A How to Complete a DDSA Referral

 

Program

Manual Section

SSI MAO

AHCCCS FTW

MA509

MA504

 

Procedures

Complete a referral to the Disability Determination Services Administration (DDSA) for a disability determination when:

NOTE     A full DDSA packet may not be needed in all cases. Send the Modified DDSA Packet when the customer states or the electronic SSA record shows a disability determination is in progress. For example, the Title XVI status code on the WTPY is H80.

 

1) Contents of the Full DDSA Packet

All Customers

  • A completed DDSA Cover Sheet (DE-123) form;

  • A completed Disability Report (DE-121) form;

  • An Authorization Disclose Information to the Social Security Administration (SSA-827) form for each medical source listed on the DE-12 form, plus two extra SSA-827s;

  • For customers with an authorized representative, the Authorized Representative Form (DE-112); and

  •  A SOLQI dated within 5 days of the referral.

NOTE     Customers with end-stage renal disease (ESRD) or acute leukemia only need to complete pages 1, 4 and 10 of the DE-121.

Deceased Customers

  • A copy of the death certificate.

NOTE     A referral packet may be submitted without the death certificate when the death certificate has been requested.

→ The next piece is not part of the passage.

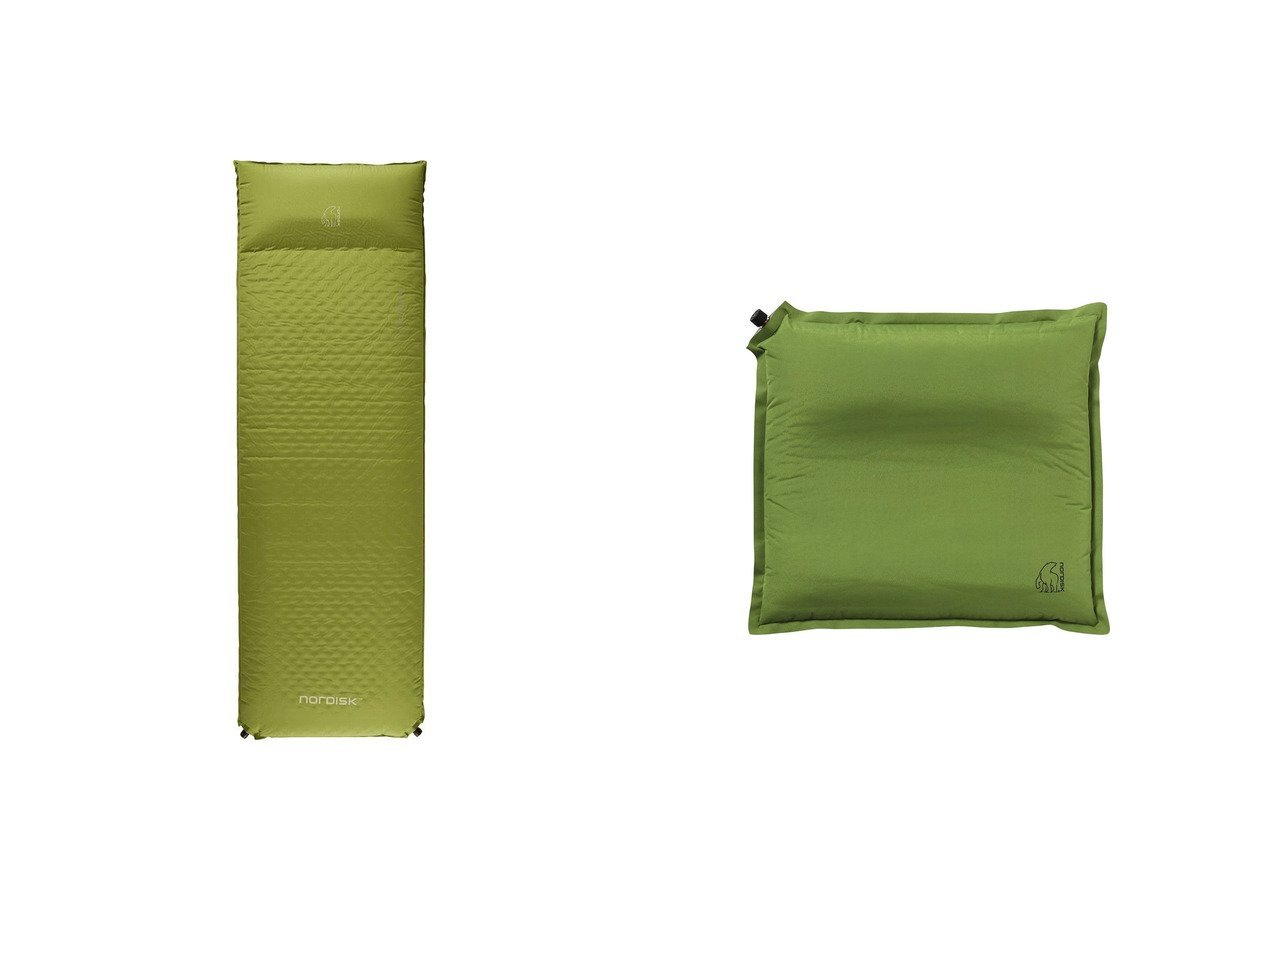 【Nordisk/ノルディスク】のボーンホルム 10.0 114026&シュラフ 寝袋 ピロー 枕 モーガン 114042 おすすめ!人気キャンプ・アウトドア用品の通販 おすすめで人気の流行・トレンド、ファッションの通販商品 メンズファッション・キッズファッション・インテリア・家具・レディースファッション・服の通販 founy(ファニー) https://founy.com/ スクエア チューブ フォーム ホーム・キャンプ・アウトドア Home,Garden,Outdoor,Camping Gear キャンプ用品・アウトドア  Camping Gear & Outdoor Supplies その他 雑貨 小物 Camping Tools ホーム・キャンプ・アウトドア Home,Garden,Outdoor,Camping Gear キャンプ用品・アウトドア  Camping Gear & Outdoor Supplies 寝具 シュラフ 枕 Schlaf, Sleeping bag, Pillow |ID:crp329100000037431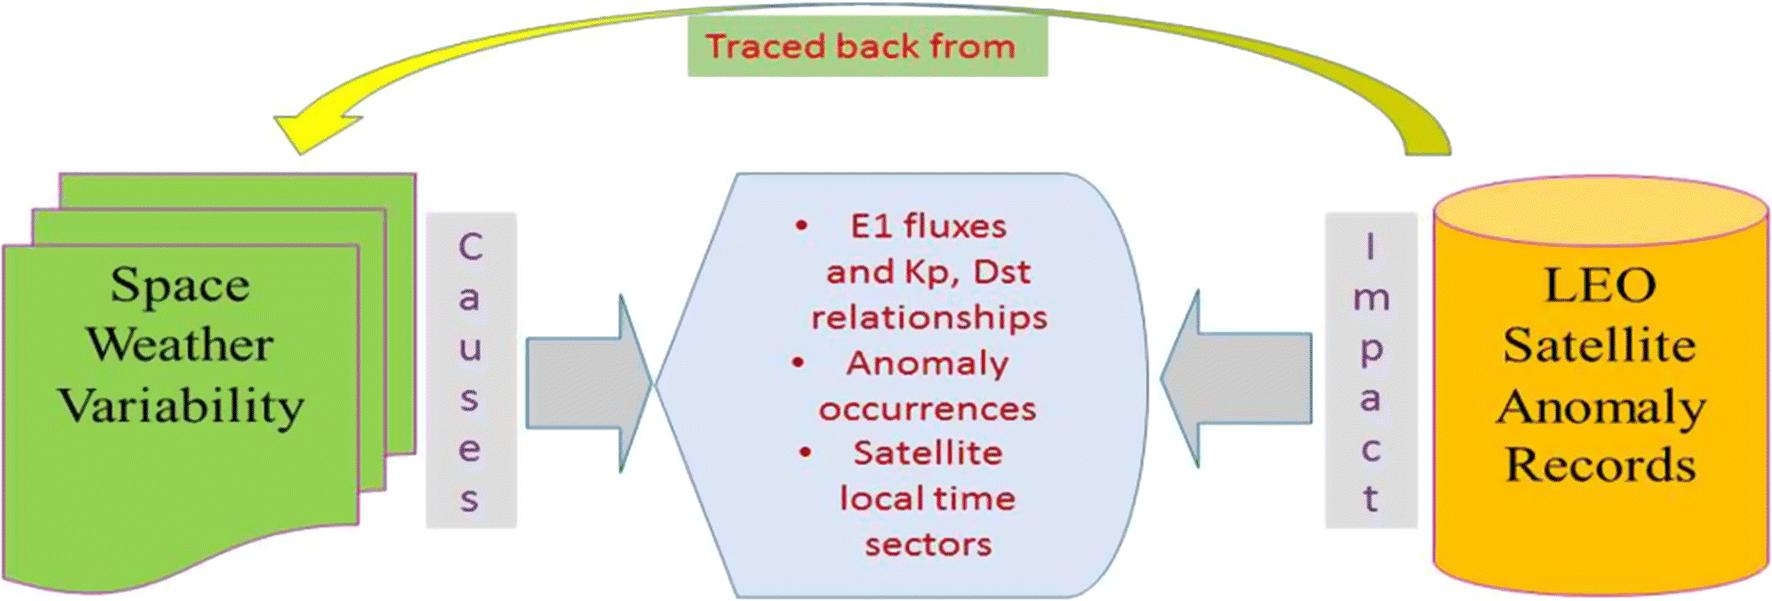 Diagnosing low earth orbit satellite anomalies using NOAA-15

Customers who are unable to sign the DE-112 or SSA-827 forms

A Physician Statement of Incapacity (DE-217) form.

Customers who:

  • Are not screening for FTW;

  • Do not have ESRD, kidney disease or failure, or acute leukemia; AND

  • Are employed or were employed in any pending application months

Paycheck stubs or a Request for Verification of Employment (DE-206) form.

 

2) Contents of the Modified DDSA Packet

A modified DDSA Referral Packet includes everything in the full DDSA packet EXCEPT for the employment verification.

 

3) Review the Packet for Completeness

Take the following actions when reviewing the DDSA packet for completeness:

Step

Action

1

Review the DE-121. Check that:

  • The customer signed the form; and

  • The date field is blank.

2

Verify that the following information in HEAplus matches the customer information in the packet.

  • Name;

  • Date of birth;

  • Address;

  • Social Security Number; and

  • Application month.

NOTE     The date on the DE–123 must be within the same month as the application month in HEAplus.

3

Check the SOLQI for the following information to make sure everything is accurate.

  • Name;

  • Date of birth;

  • Social Security Number;

  • Title II Benefits;

  • Title XVI Benefits; and

  • Medicare.

4

Write “Modified” in the "Remarks" section on the DE–123 if the SOLQI shows "H-80 Development Pending" status.

5

E-mail the completed packet to ssimao@azahcccs.gov

 

4) Send the Packet to DDSA

Send the packet to the following address:

DDSA MD 3671
Attn: Richard Poepsel or Kim Murphy
4000 N Central Ave #1800
Phoenix, AZ 85012-3512

 

5) Track DDSA Decision

When DDSA makes a disability determination and returns the packet, the designated MA-SP worker tracks the diary date and the date the packet is returned from DDSA in the Excel Log.